Apart from pictures, transcribe exactly each line from the one containing "DeFacto Erkek Çocuk" through the final line of the listing below.

[[ Excerpted records, beginning ]]

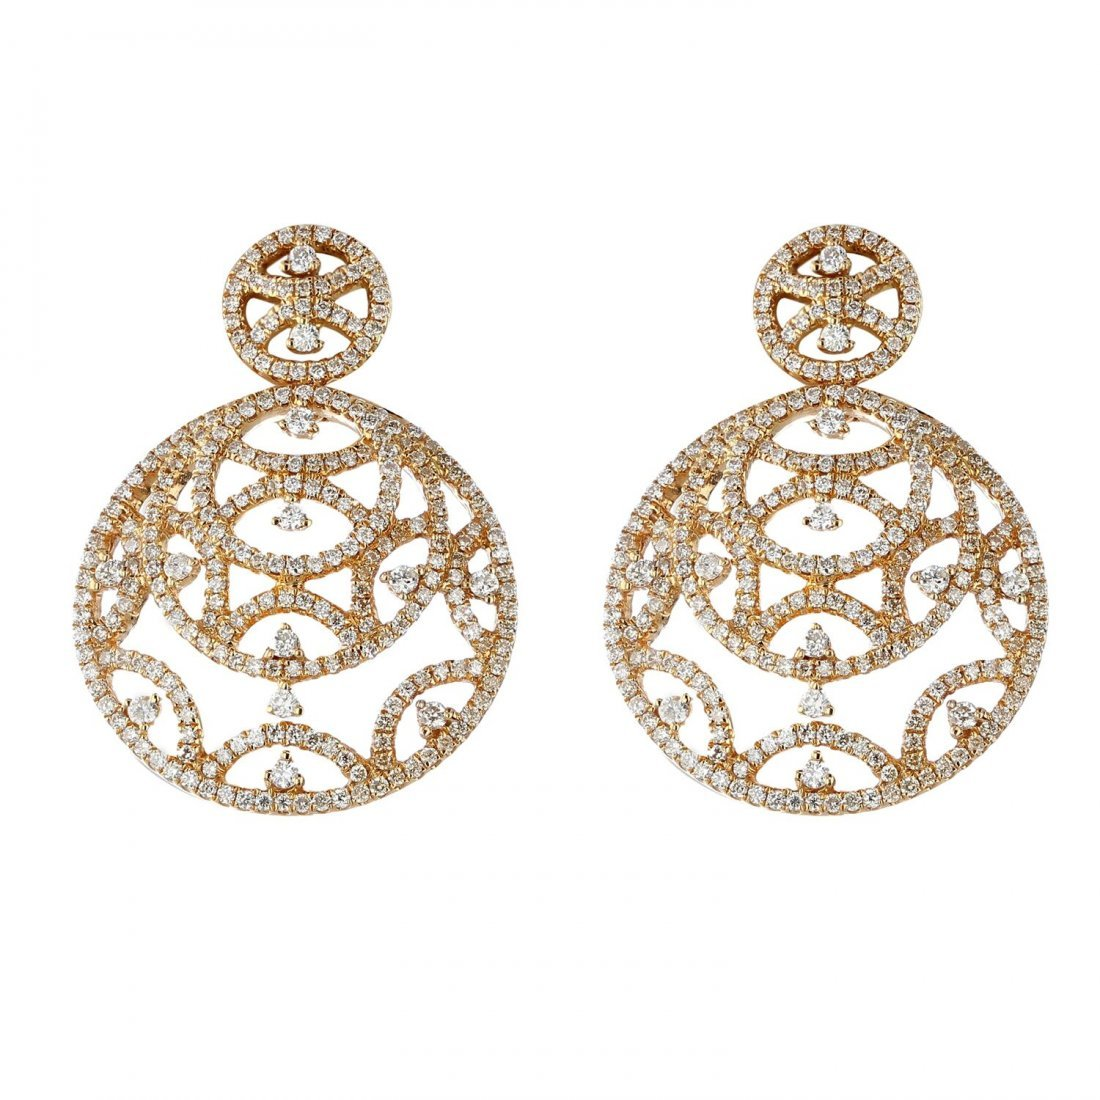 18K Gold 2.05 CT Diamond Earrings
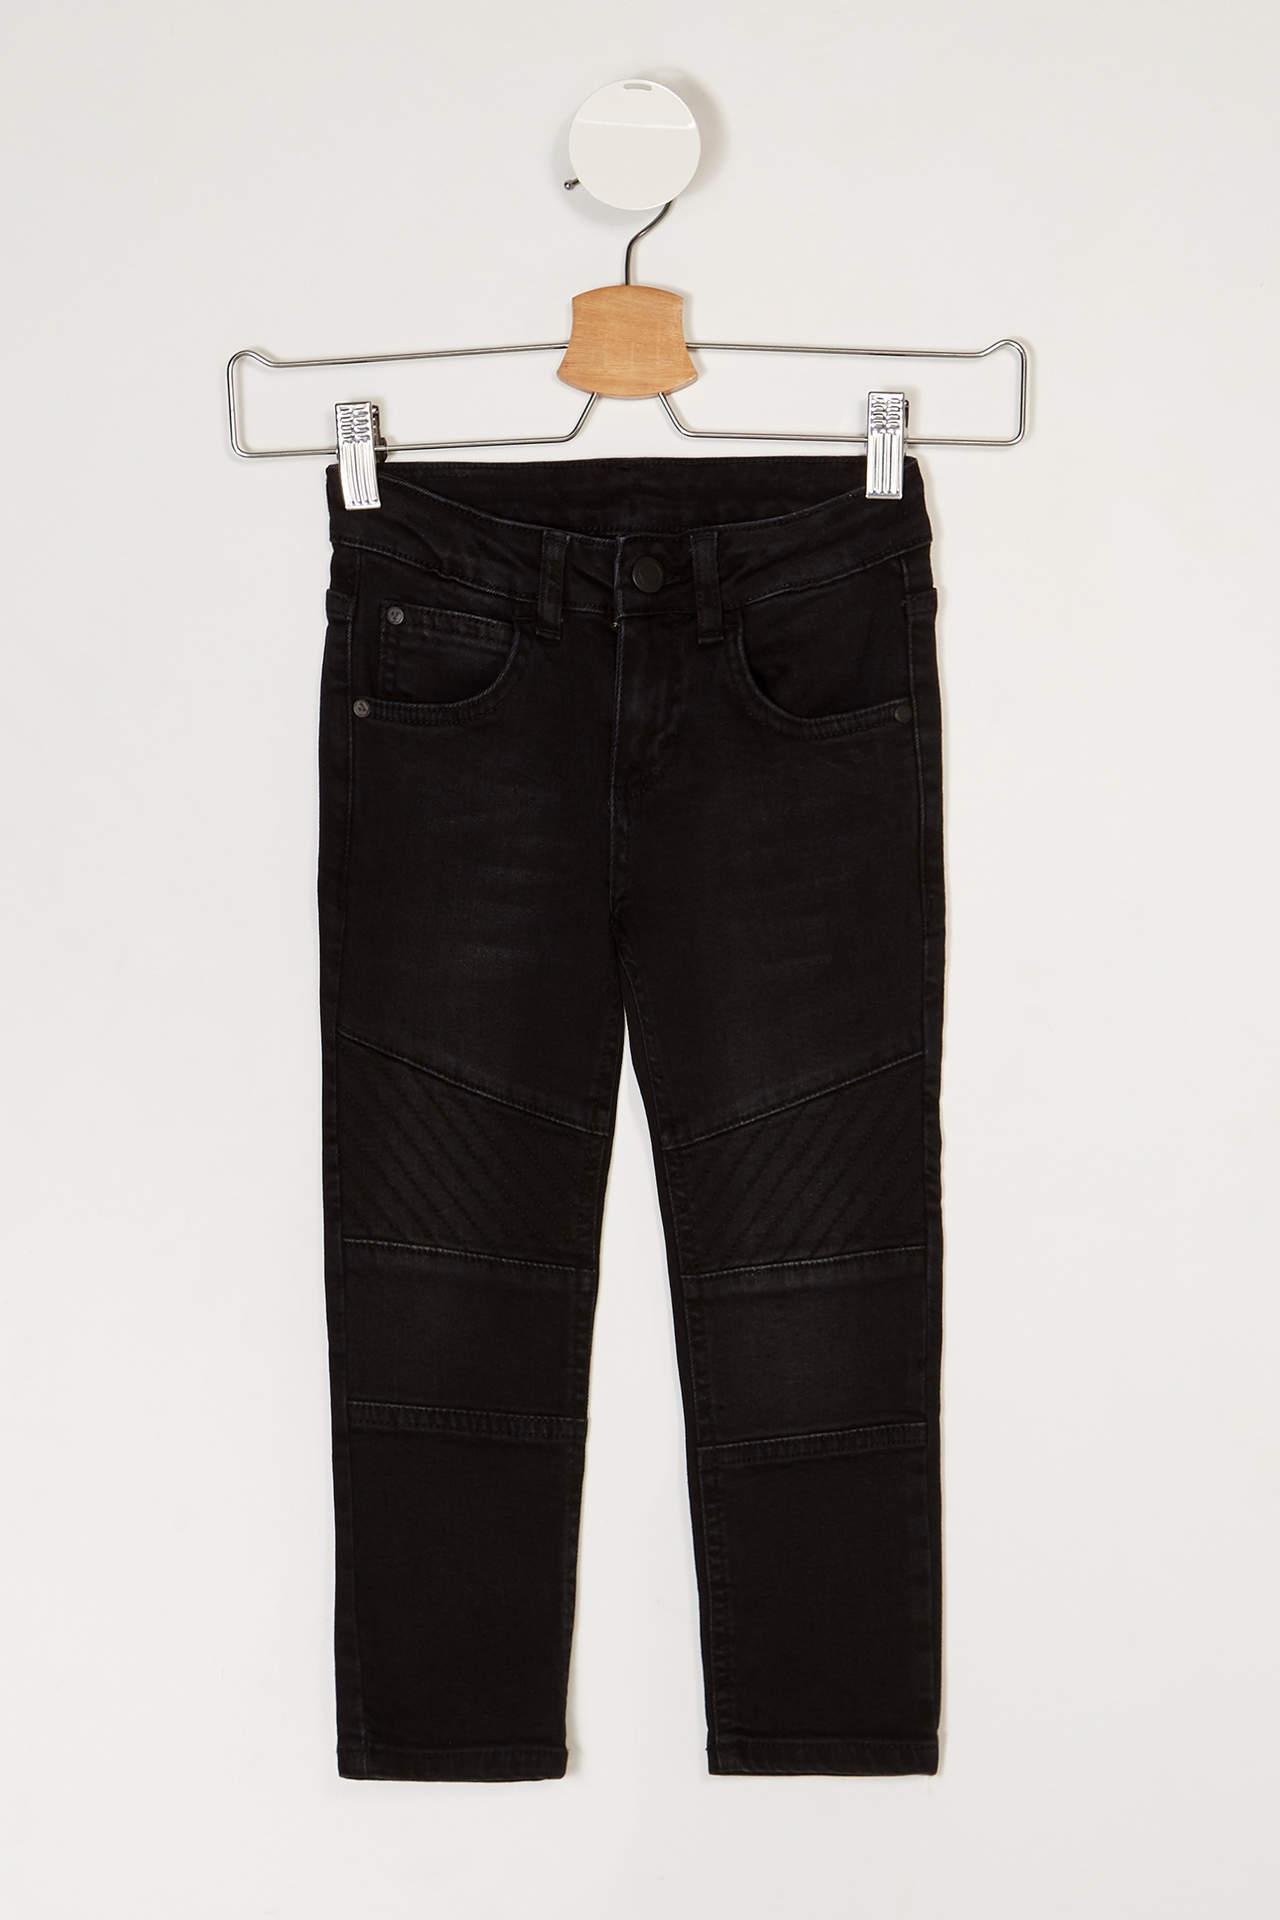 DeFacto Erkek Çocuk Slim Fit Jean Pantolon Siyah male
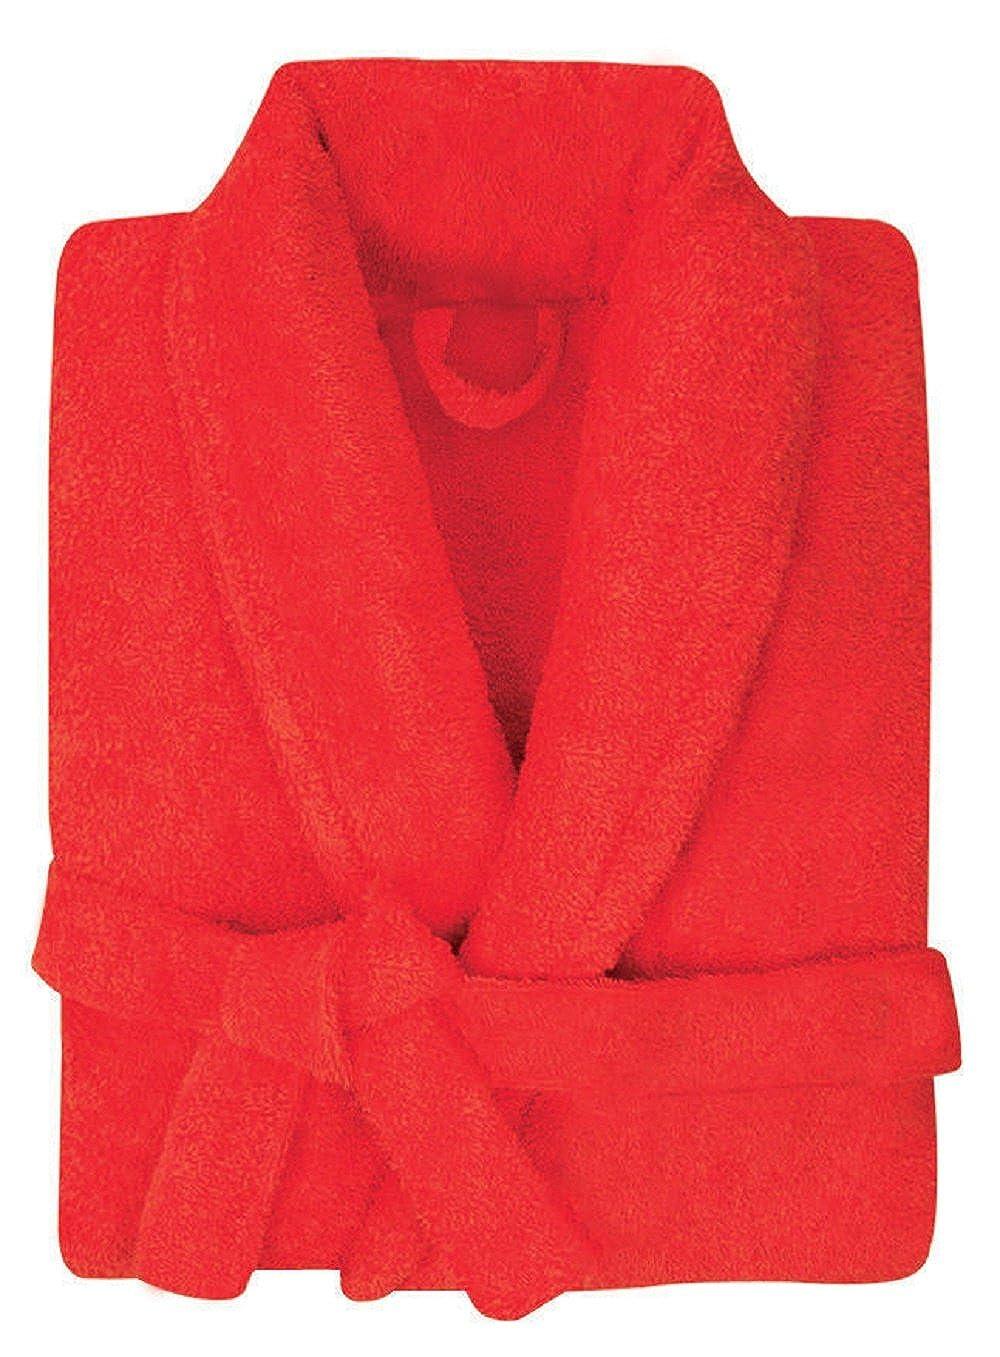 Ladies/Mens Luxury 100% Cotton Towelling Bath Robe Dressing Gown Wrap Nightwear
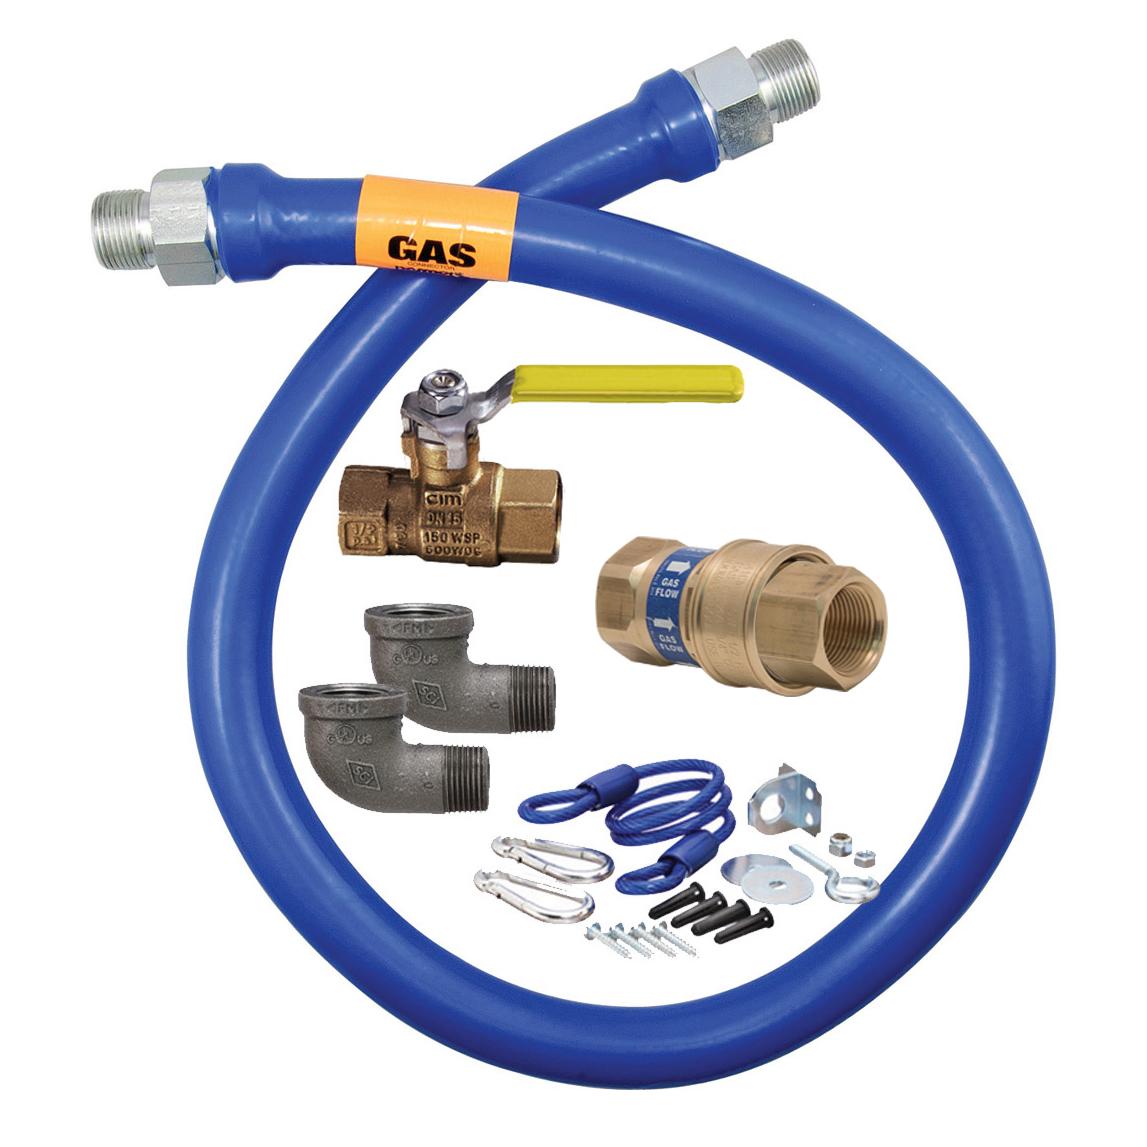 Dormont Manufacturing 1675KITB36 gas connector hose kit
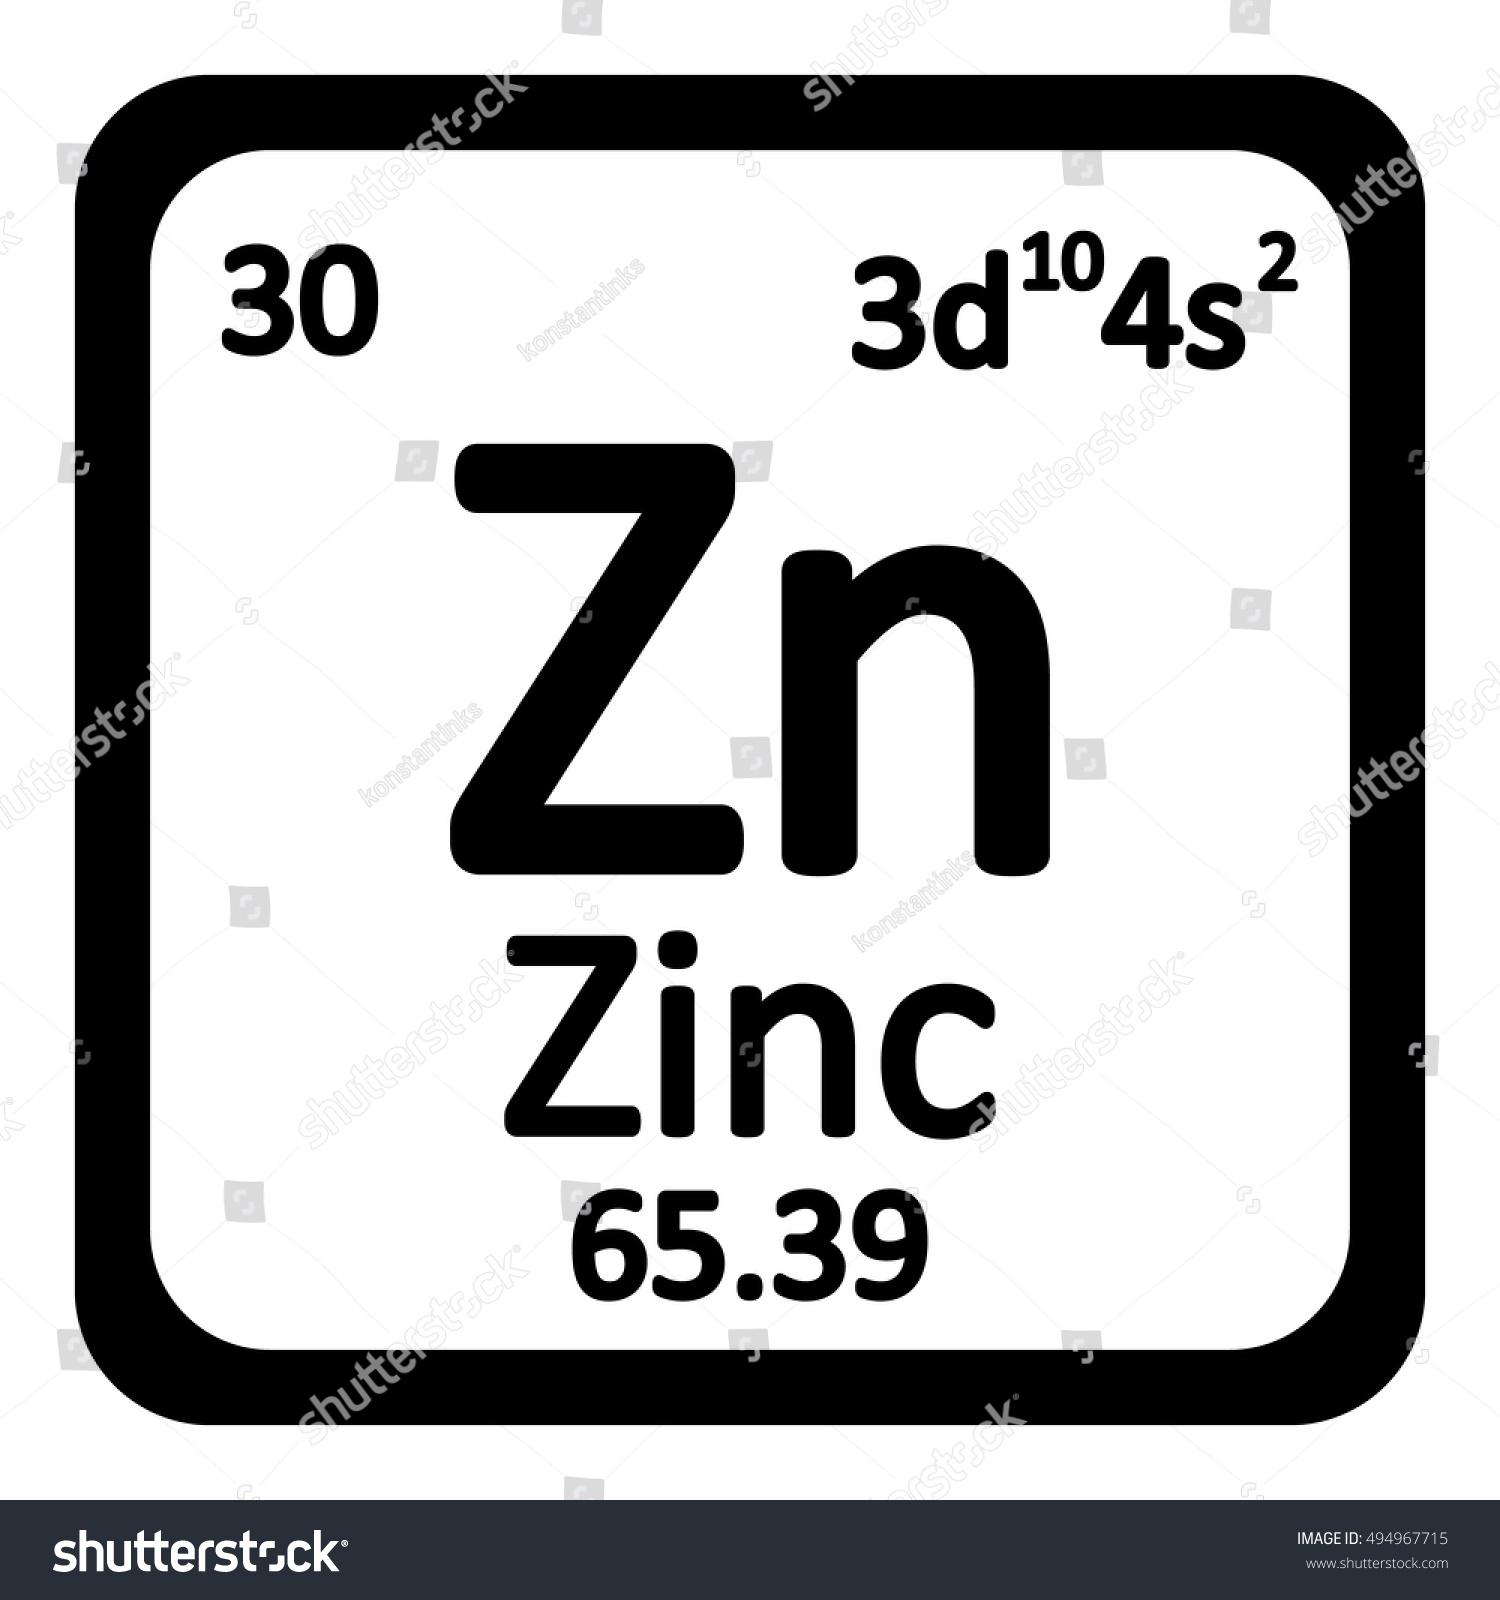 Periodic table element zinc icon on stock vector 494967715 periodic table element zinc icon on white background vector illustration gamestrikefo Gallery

[[ Excerpted records, end ]]

*Output of the task*.
 DeFacto Erkek Çocuk Slim Fit Jean Pantolon Siyah male
 Ladies/Mens Luxury 100% Cotton Towelling Bath Robe Dressing Gown Wrap Nightwear
 Dormont Manufacturing 1675KITB36 gas connector hose kit
 Periodic table element zinc icon on stock vector 494967715 periodic table element zinc icon on white background vector illustration gamestrikefo Gallery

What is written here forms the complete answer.